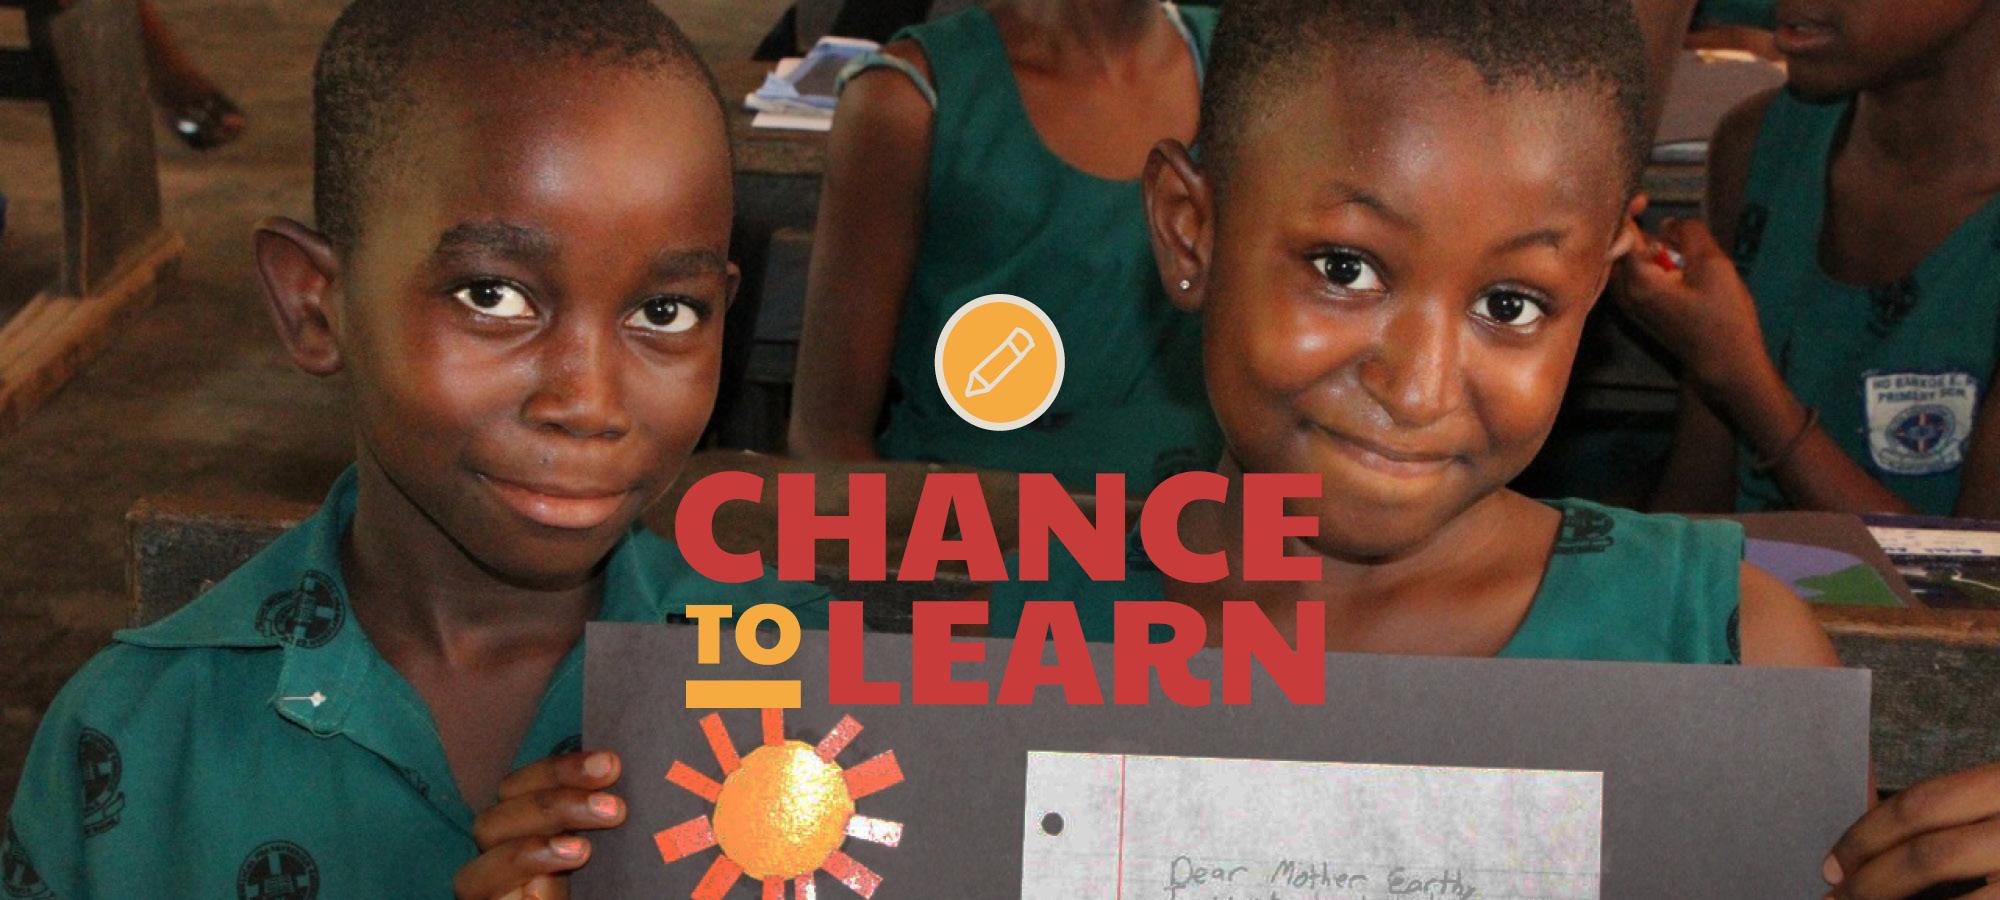 Chance to Learn.jpg
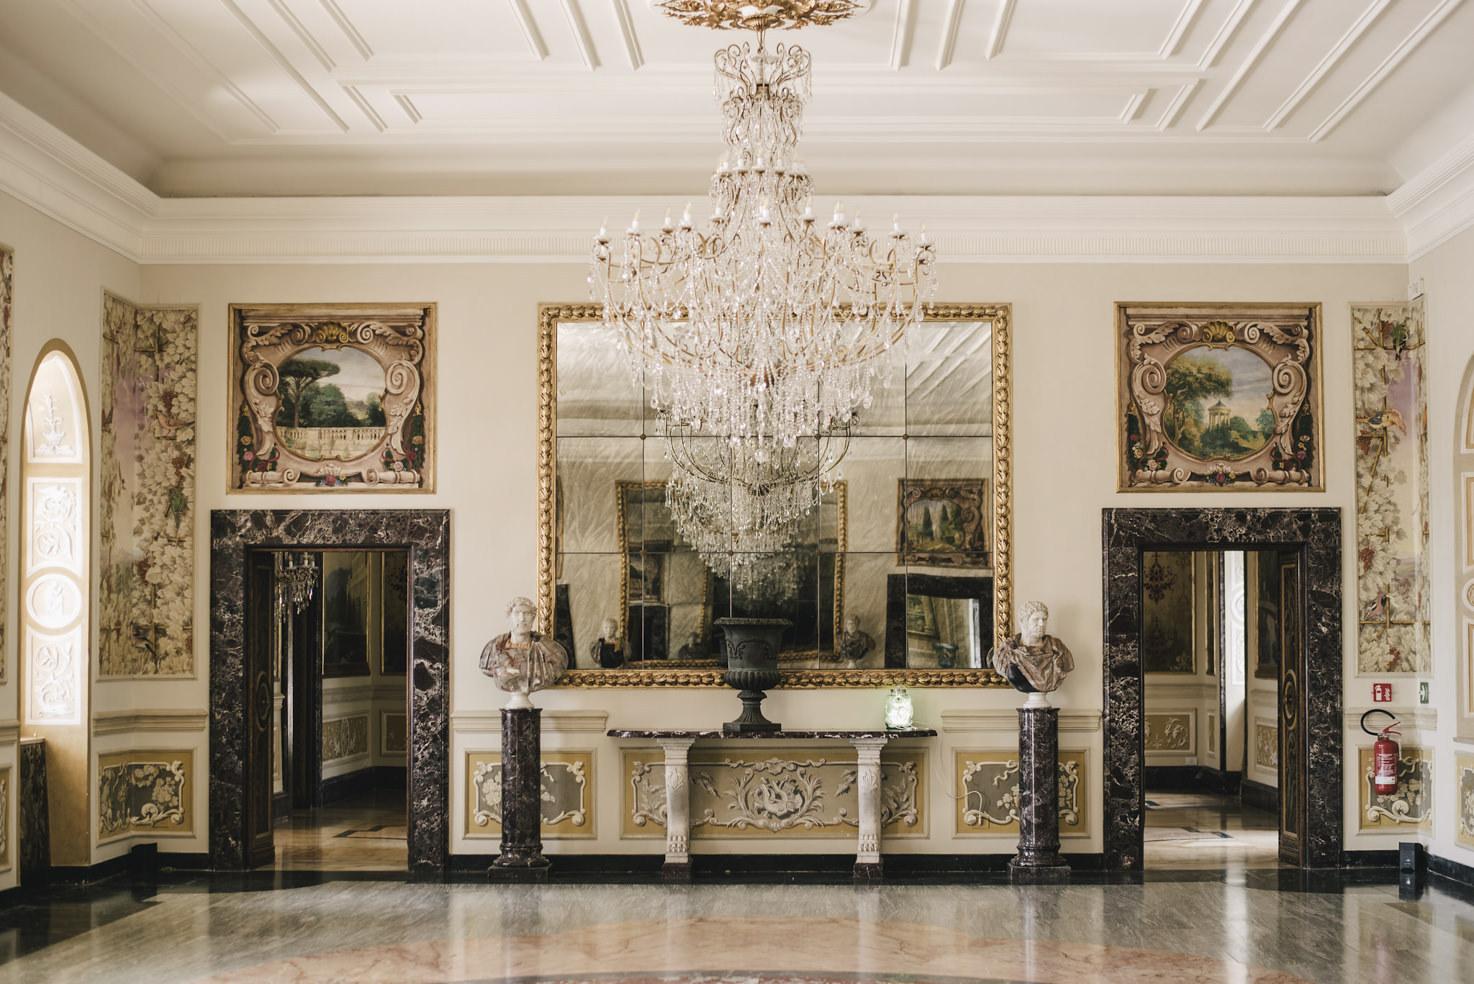 Decorated Hall at Villa Miani
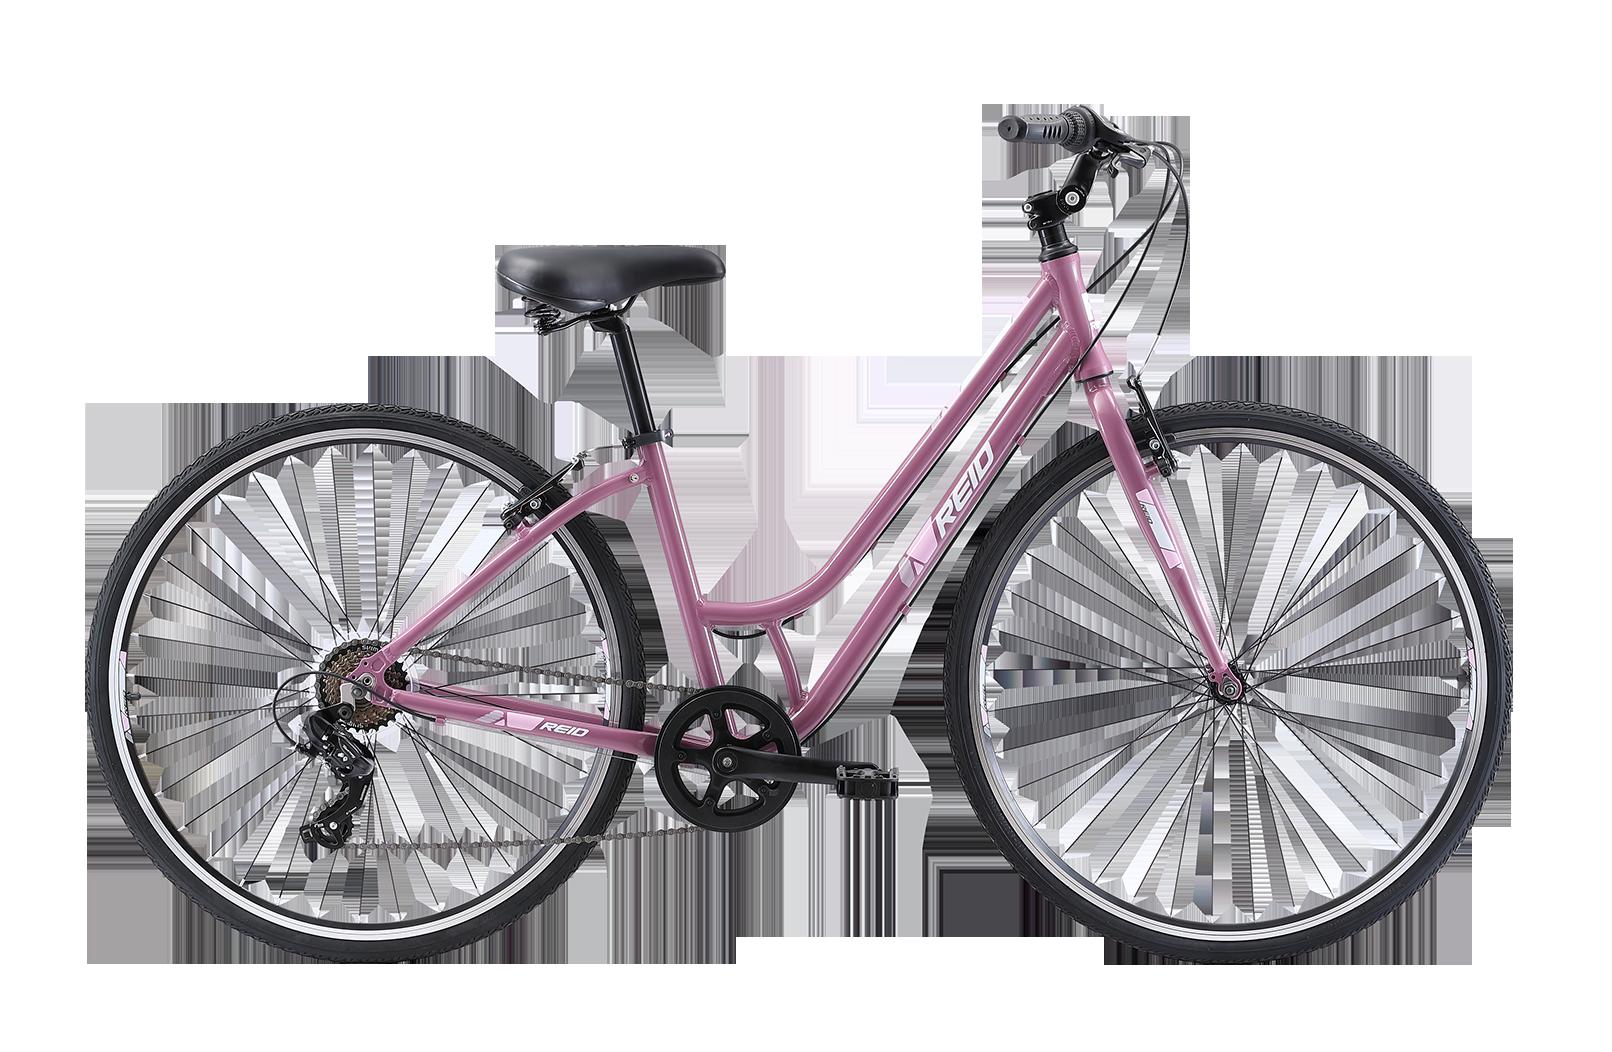 IMG 0021 3 - Reid ® - Comfort 1 Step Thru Bike 2020
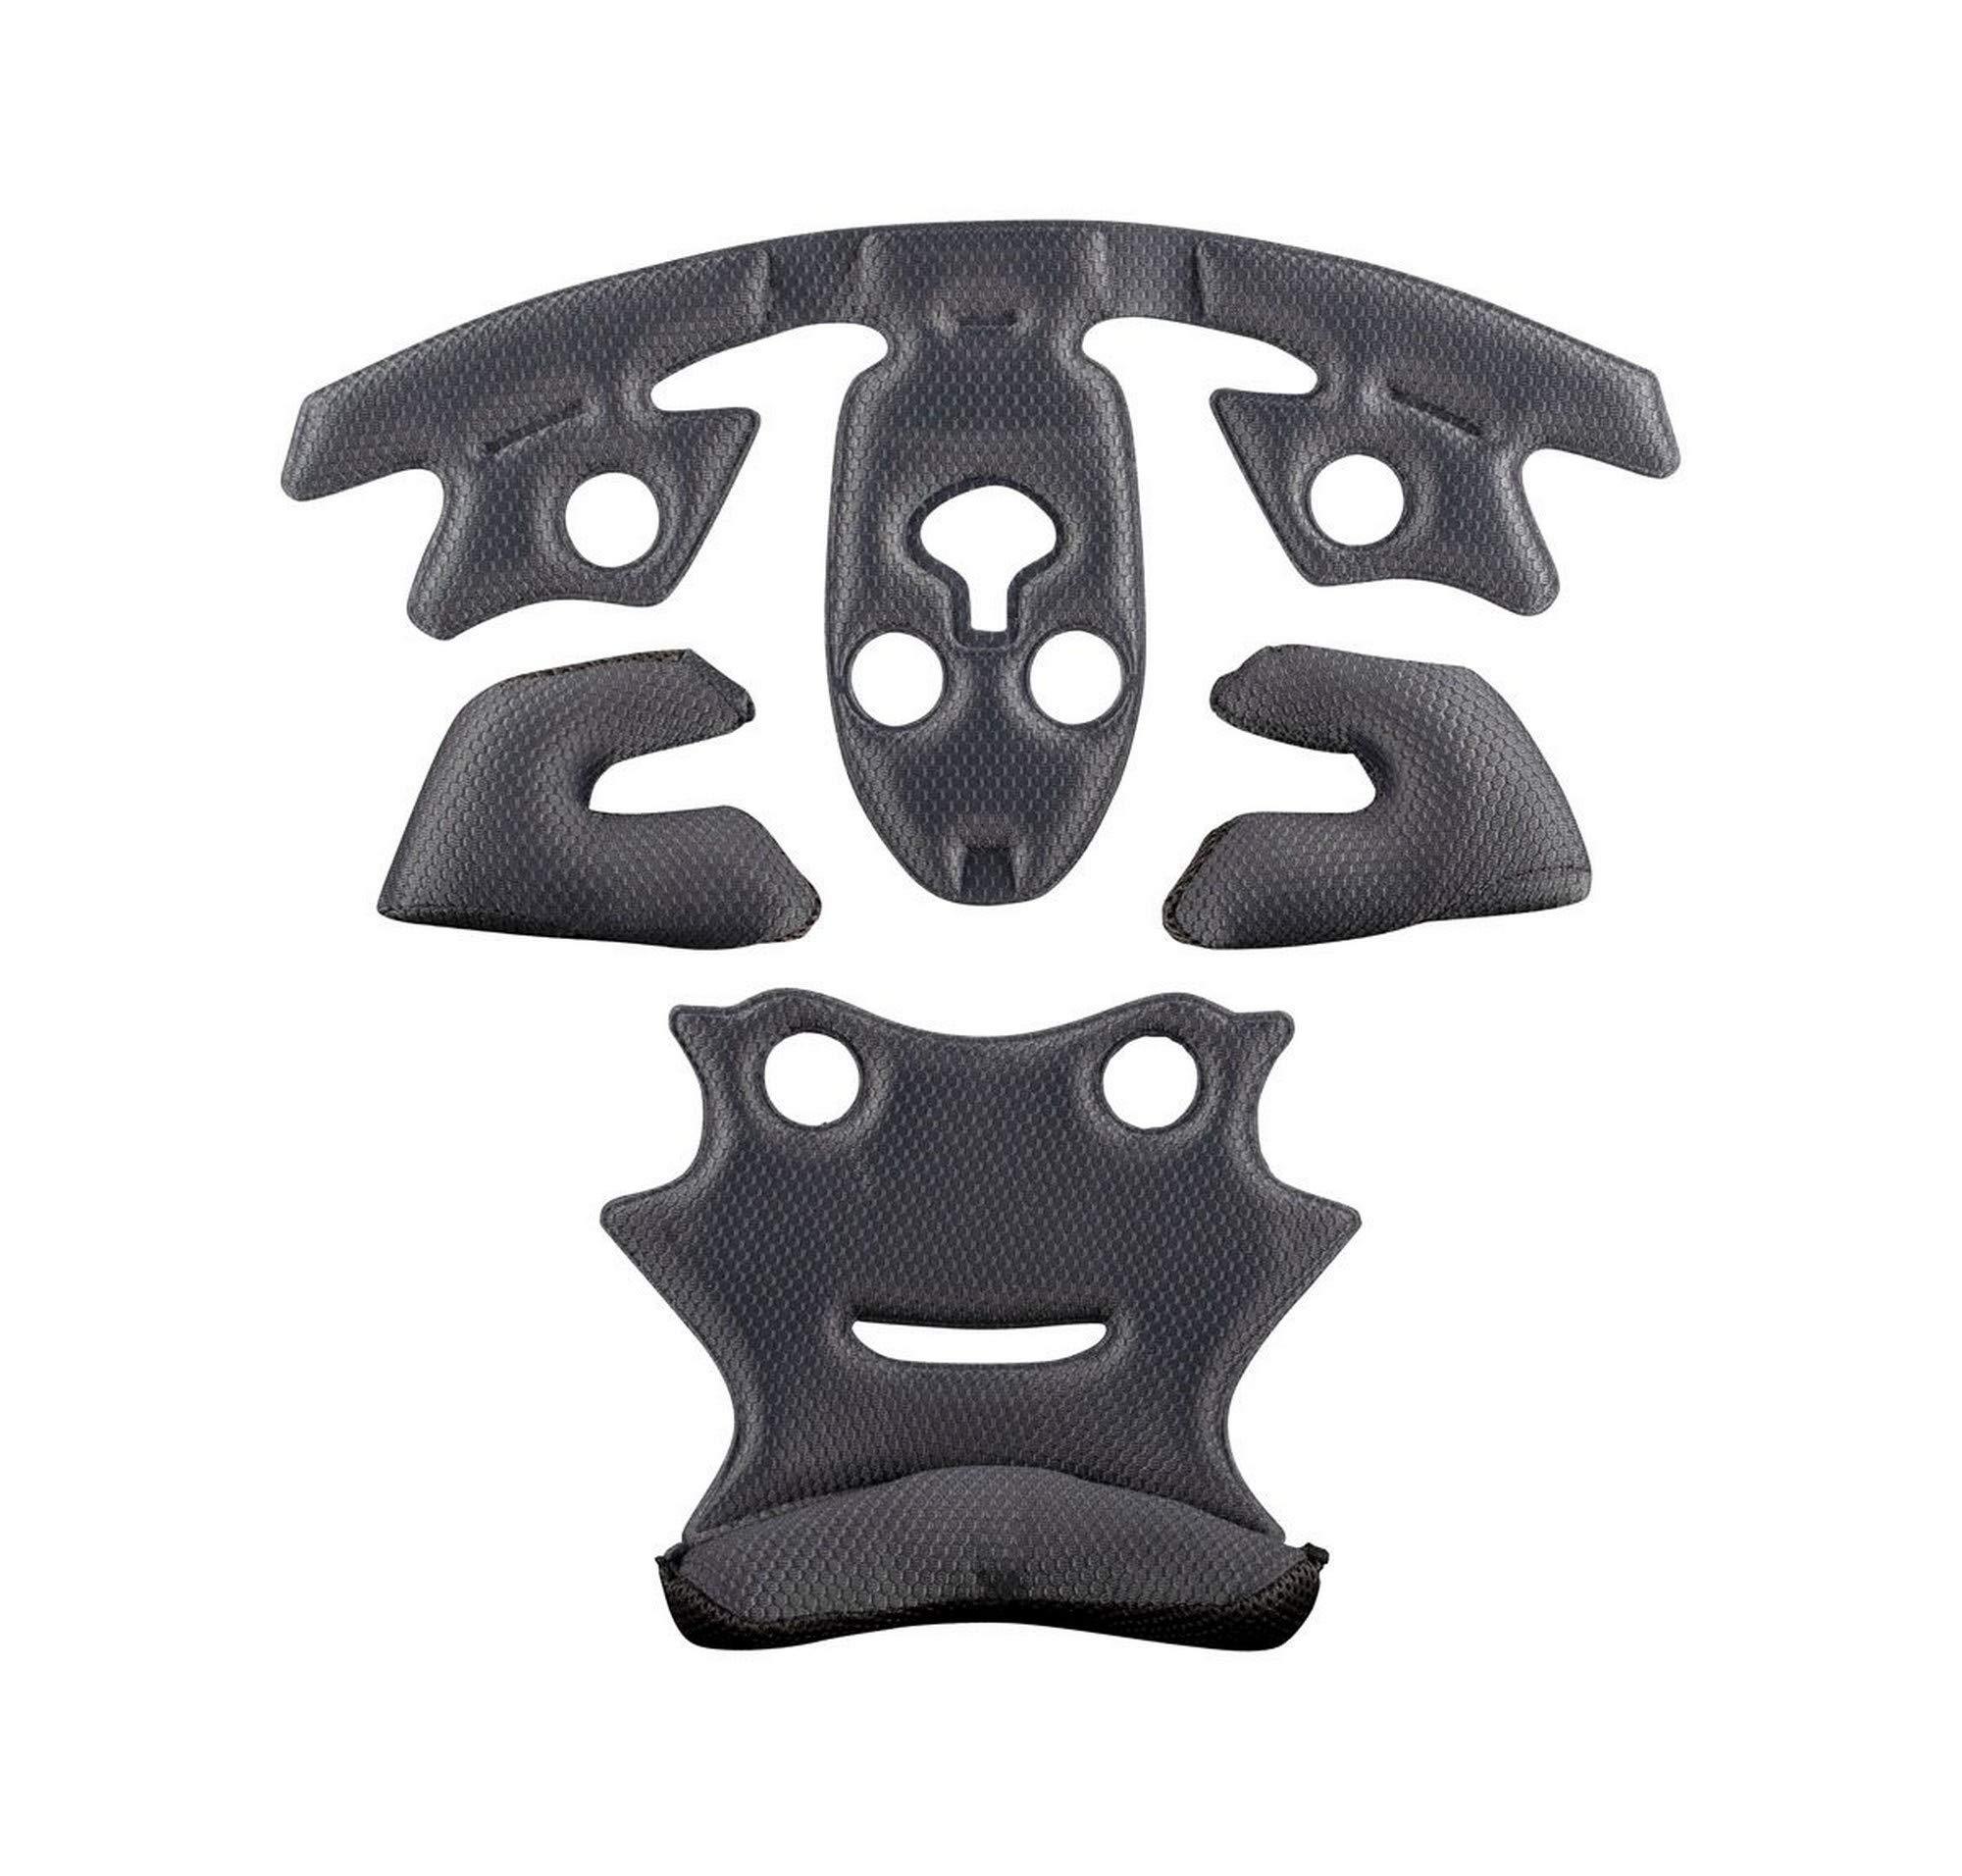 Leatt DBX 4.0 Inner Liner Kit Off-Road Motorcycle Helmet Accessories - Grey/Large by Leatt Brace
+ + + + +
▸ **PROMPT**: Your copy must start at the line that holds "IMG 0021 3 - Reid" and end at the last line of the data, both included; it must contain no pictures.

▸ **RESULT**:
 IMG 0021 3 - Reid ® - Comfort 1 Step Thru Bike 2020
 Leatt DBX 4.0 Inner Liner Kit Off-Road Motorcycle Helmet Accessories - Grey/Large by Leatt Brace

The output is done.